U.S. indices ended the Wednesday’s session on negative note after the latest reading of the inflation data remained flat in October. The Personal Expenditures Index (PCE) rose 2.3%, an increase from 2.1% from September. Additionally, the core PCE rose 0.3% on a month-on-month basis, which was in line with the Wall Street’s expectations.
However, the mood in the broader markets remained muted ahead of the Thanksgiving holiday, which will see markets shut on Thursday and close early on Friday.
After a flat start, the NIFTY50 index consolidated around the 24,300 zone and extended the consolidation for third day in a row. Once again, the index formed a doji candlestick pattern on the daily chart, as seen previously on November 25, signaling indecision and a lack of clear directional bias.
From a technical perspective, the daily chart shows a sideways to bullish structure, with the index trading between its 21-day and 50-day Exponential Moving Average (EMA) for the past three sessions. A decisive break above or below these moving averages on a closing basis will provide clearer directional cues for positional traders.
On the 15-minute chart, traders focusing on today's expiry should monitor a key 200-point area. Over the past three days, the index has traded between 24,350 and 24,150, and a strong breach of this area is likely to dictate the next directional move.

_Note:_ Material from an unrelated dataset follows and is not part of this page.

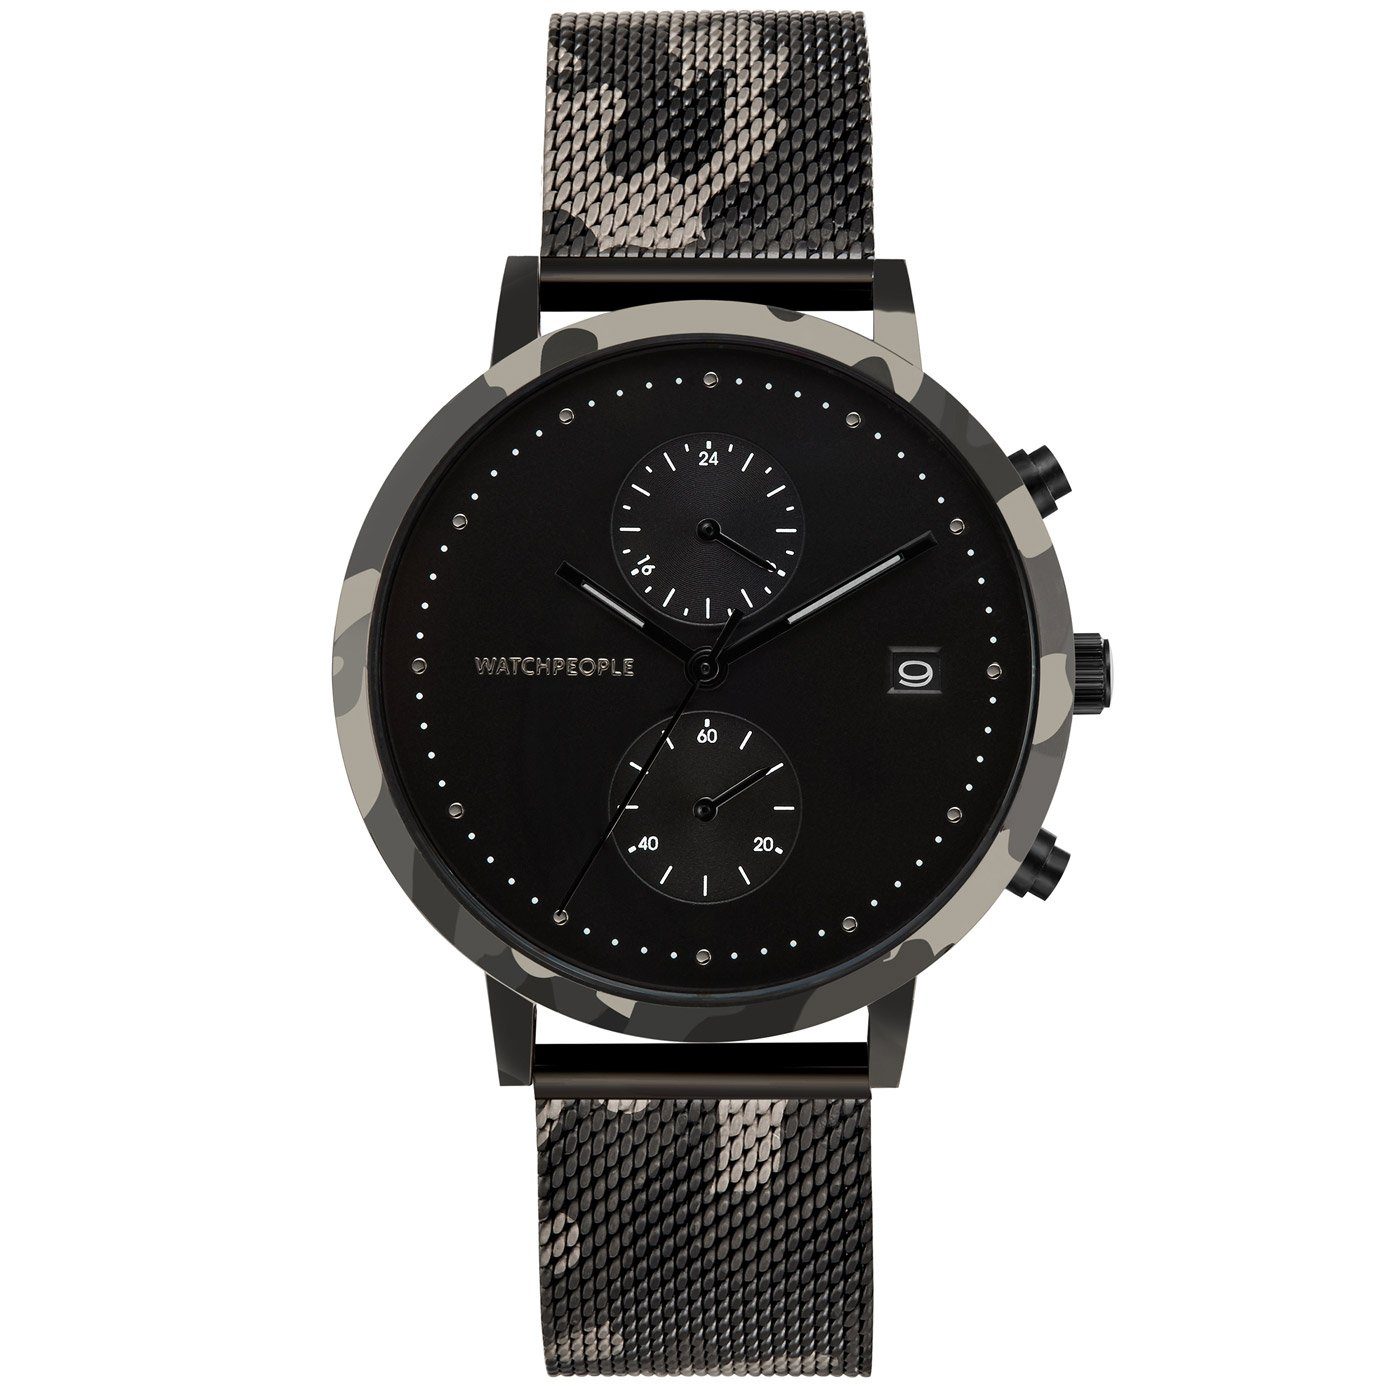 Watchpeople Multifunktionsuhr Cosmo Camouflage WP 051-02, flach, Datumsanzeige, Dual-Time, easy release Band

The open interest data for the 28 November expiry has highest call base at 24,500 and put base at 24,000 strikes, marking these levels as crucial resistance and support levels. Additionally, the index also has significant call and put base at 24,300 strikes, indicating range-boond movement around this zone.
The SENSEX opened on a positive note but continued its range-bound movement for the third consecutive session around the crucial 80,000 mark. During the session, the index reclaimed the 50-day Exponential Moving Average (EMA) on the daily chart and formed a doji candlestick pattern, reflecting market indecision.
From a technical standpoint, a daily close above the 50-day EMA is typically viewed as a bullish signal. However, for stronger confirmation, traders should closely monitor the high of the doji pattern. A close above this level would reaffirm bullish momentum, potentially propelling the index towards the 81,600 zone. Conversely, a rejection from the current level and a close below the doji pattern would indicate weakness, signaling a potential downside move.
The open interest (OI) data for the 29 November expiry indicates minimal changes, with the 80,000 strike holding the highest call and put OI for the SENSEX. This suggests that the market perceives this level as a significant pivot point. However, given the index's consolidation in this range over the past three sessions, traders are advised to closely monitor changes in OI at key strikes. A noticeable shift in OI could provide valuable clues about potential directional movement as expiry approaches.
In Futures and Options or F&O, long build-up means an increase in Open Interest (OI) along with an increase in price, and short build-up means an increase in Open Interest(OI) along with a decrease in price. Source: Upstox and NSE.